A new method for synthesizing hydroxyapatite from eggshell and sludge and its calcination exploration.

This study presents a novel low-cost synthesis methodology for hydroxyapatite (HAP). HAP was successfully synthesized via a simplified chemical process utilizing eggshells as a calcium source and sludge as a phosphorus source. This approach not only addresses the dual challenges of eggshell and sludge disposal but also establishes an innovative pathway for sustainable and economically viable HAP production. The influence of calcination parameters (The optimal conditions are 600C for 3 h) on the microstructure of HAP was systematically investigated, revealing that optimized calcination conditions significantly enhance crystallinity and porosity. Comprehensive characterization of the synthesized HAP was performed using X-ray fluorescence spectroscopy (XRF), X-ray diffraction (XRD), Fourier-transform infrared spectroscopy (FTIR), thermogravimetric analysis (TG), X-ray photoelectron spectroscopy (XPS), and scanning electron microscopy (SEM).
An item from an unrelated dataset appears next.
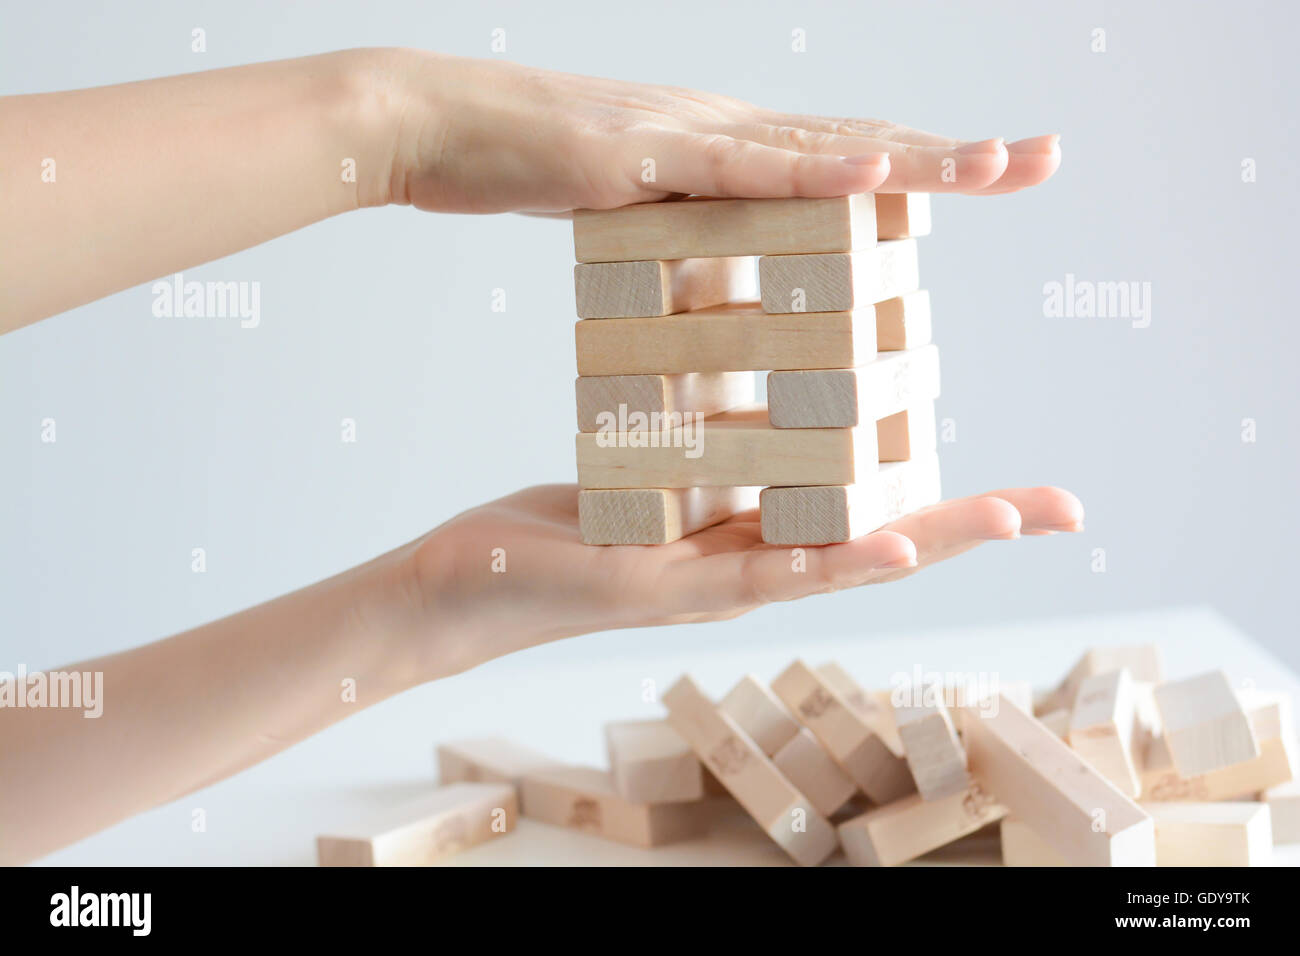 Security or insurance concept with hands protecting construction made from wooden blocks Stock Photo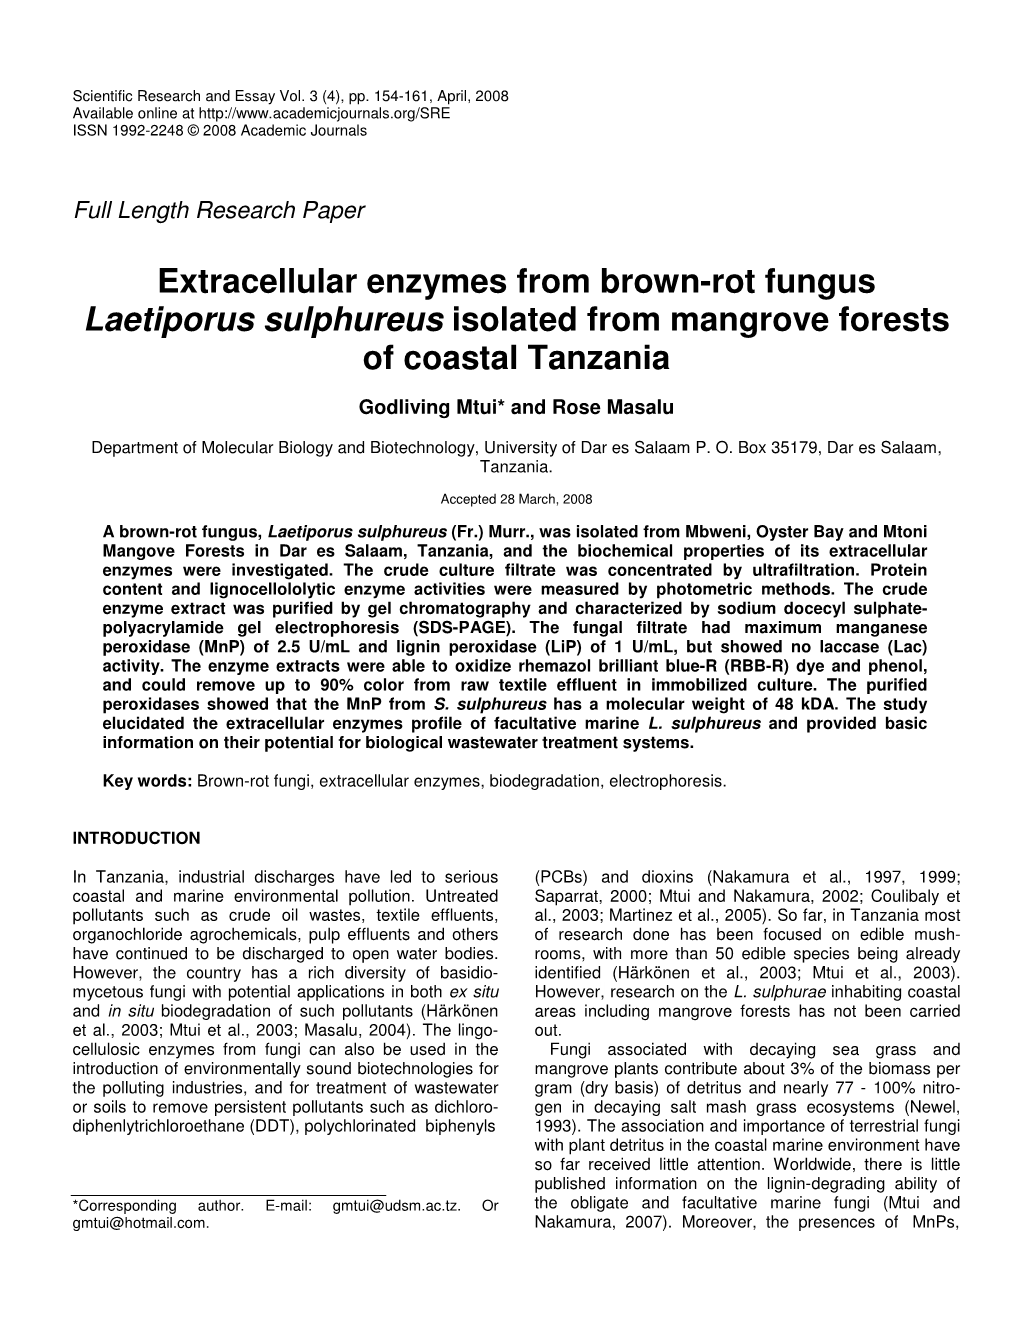 Extracellular Enzymes from Brown-Rot Fungus Laetiporus Sulphureus Isolated from Mangrove Forests of Coastal Tanzania

Post-calcination characterization revealed significant crystallographic refinement, accompanied by a 95% enhancement in Brunauer-Emmett-Teller (BET) surface area (57.23 m²/g) compared to precursor materials. Analytical results confirmed the high purity and exceptional physicochemical properties of the synthesized HAP, demonstrating substantial potential for applications in environmental remediation and biomedical engineering. This work advances a green and cost-effective strategy for HAP synthesis while pioneering a resource-efficient utilization route for waste-derived eggshells and sludge.